[Work to complete]
After removing every image, reproduce the data exactly as it appears.

[Given data]
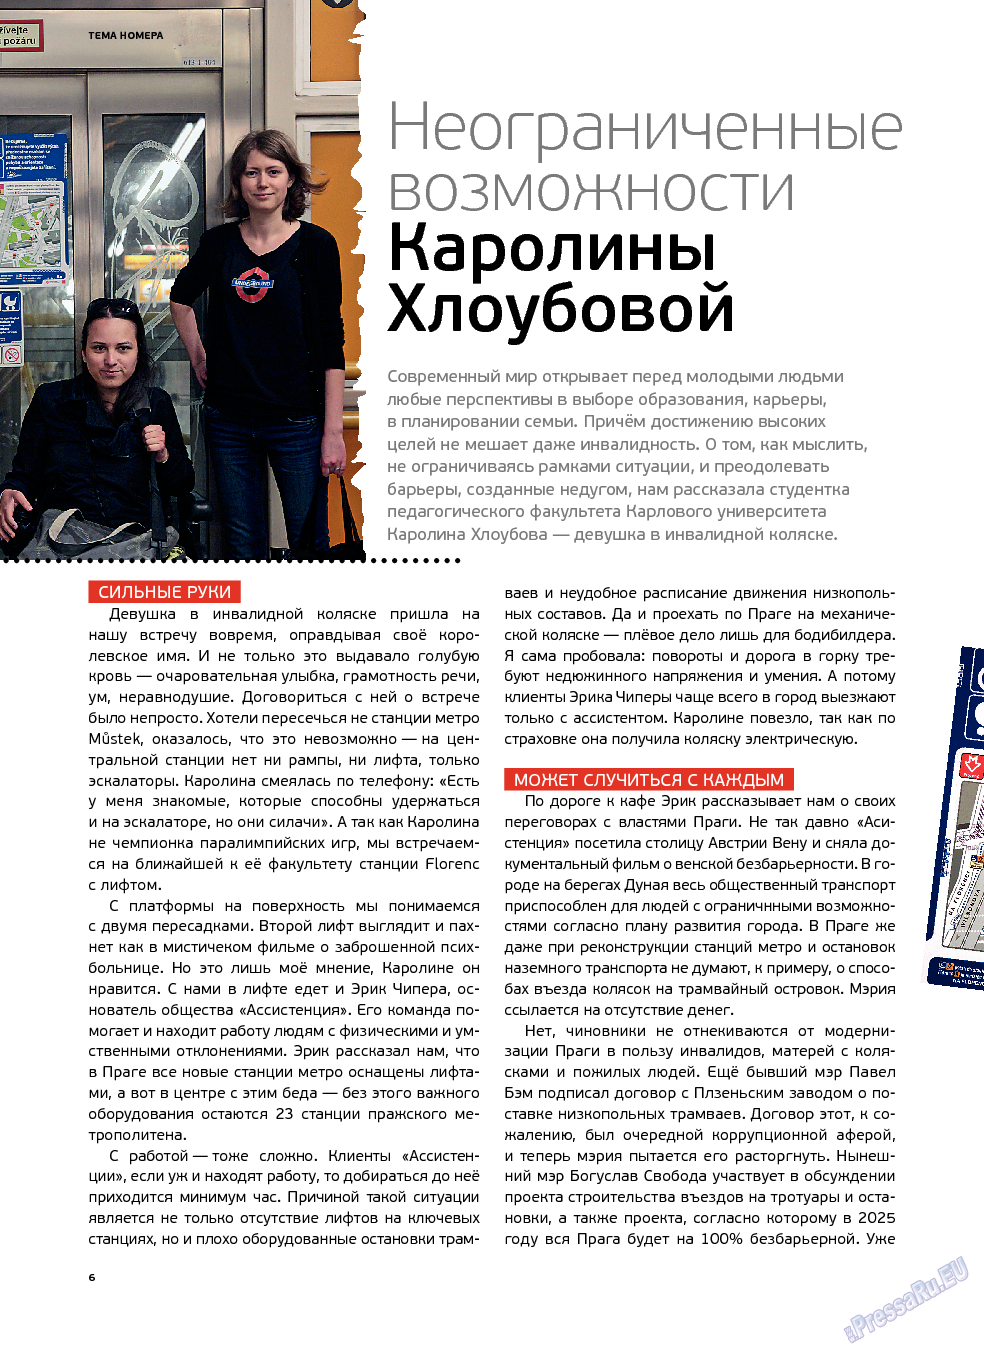 Артек (журнал). 2013 год, номер 2, стр. 8
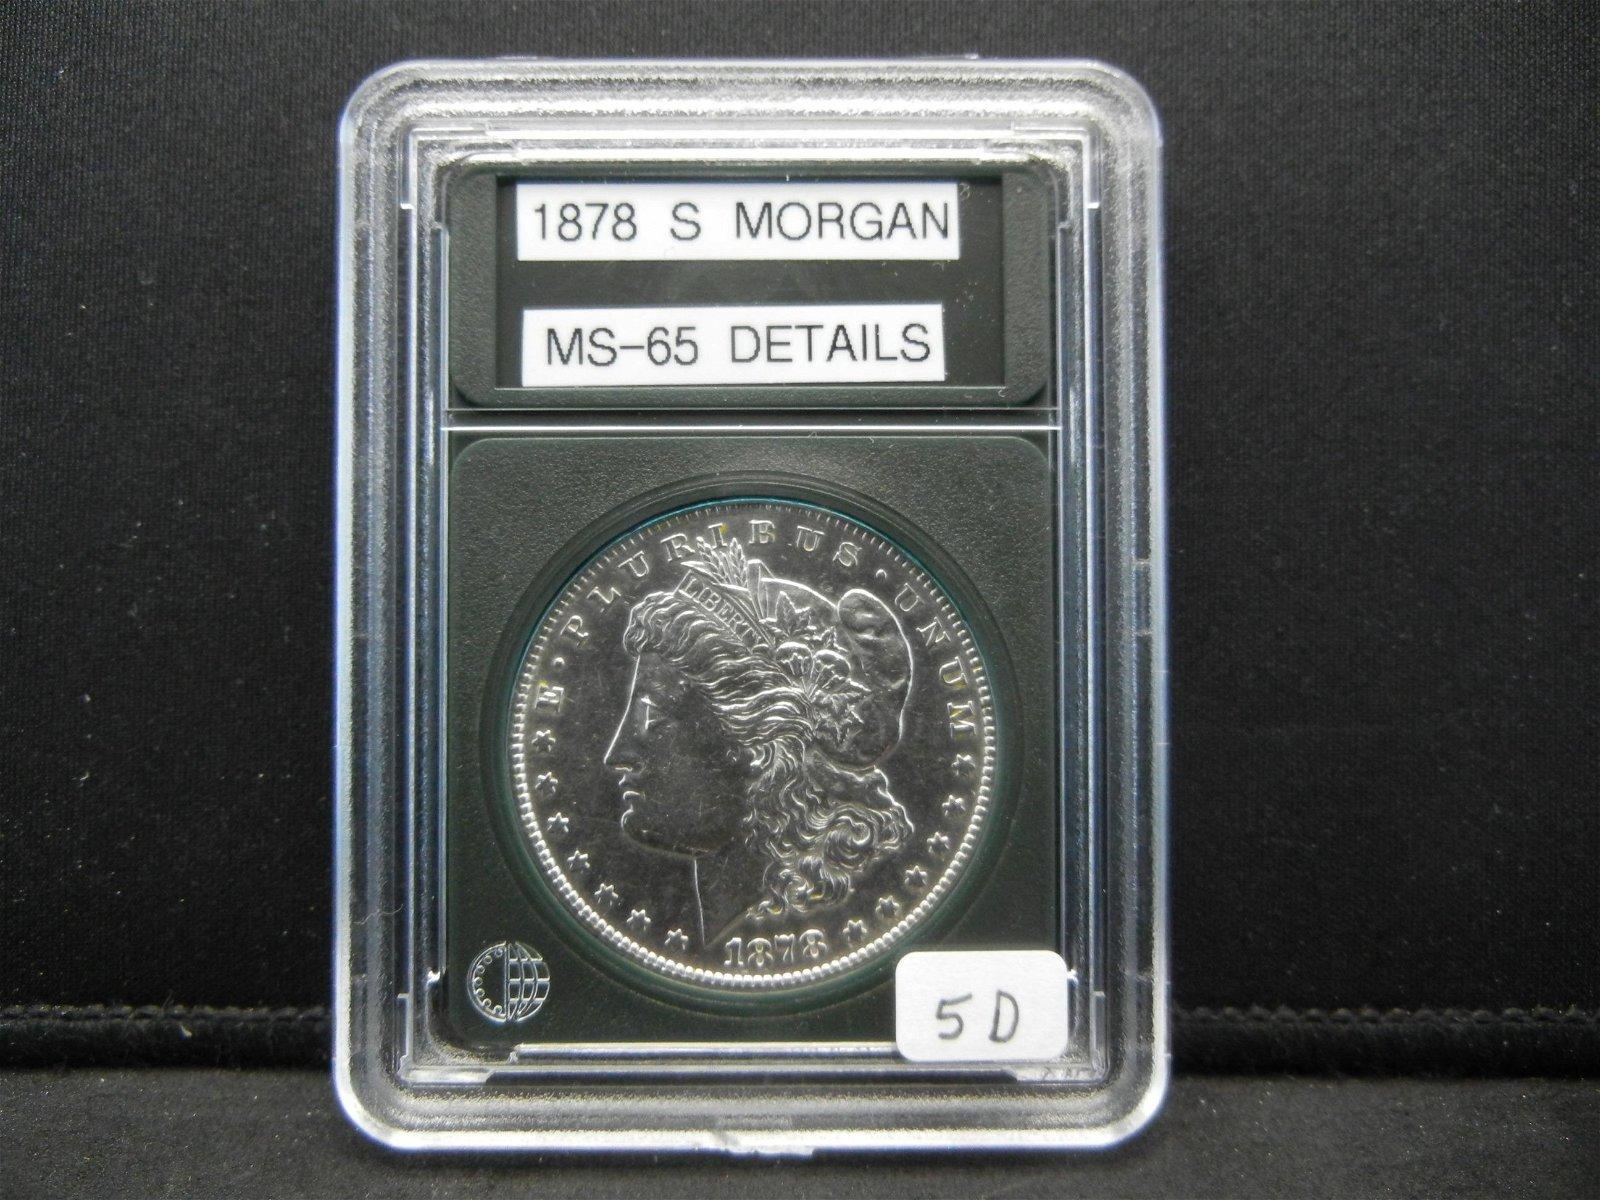 1878-S Morgan Silver Dollar, Beautiful Coin, Excellent
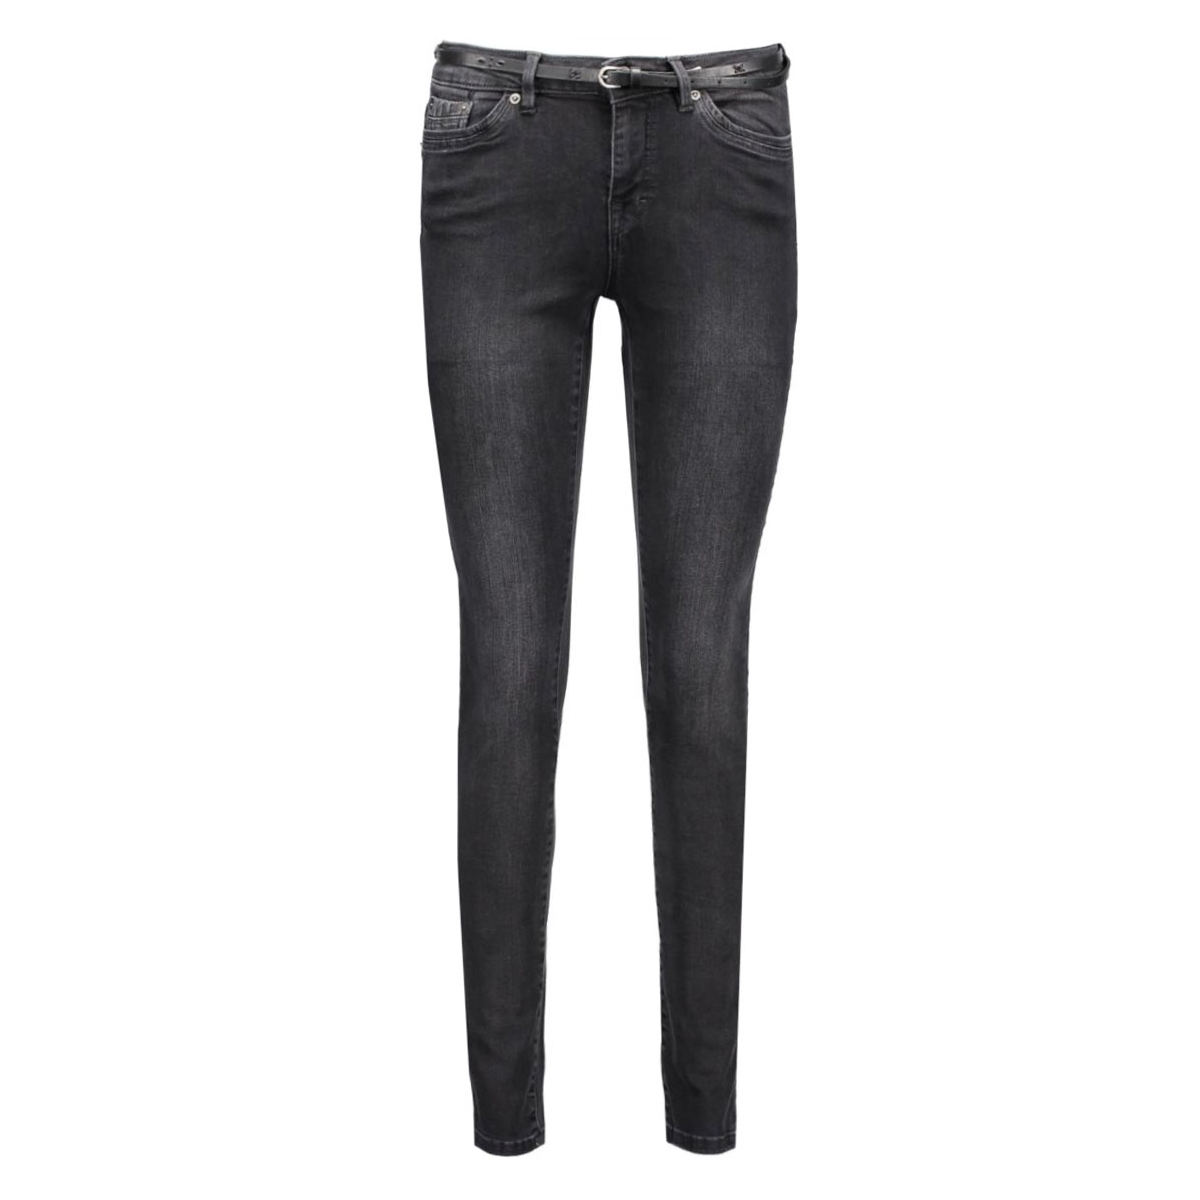 096cc1b020 edc jeans c911

[Completed exercise]
 Артек (журнал). 2013 год, номер 2, стр. 8
 1878-S Morgan Silver Dollar, Beautiful Coin, Excellent
 096cc1b020 edc jeans c911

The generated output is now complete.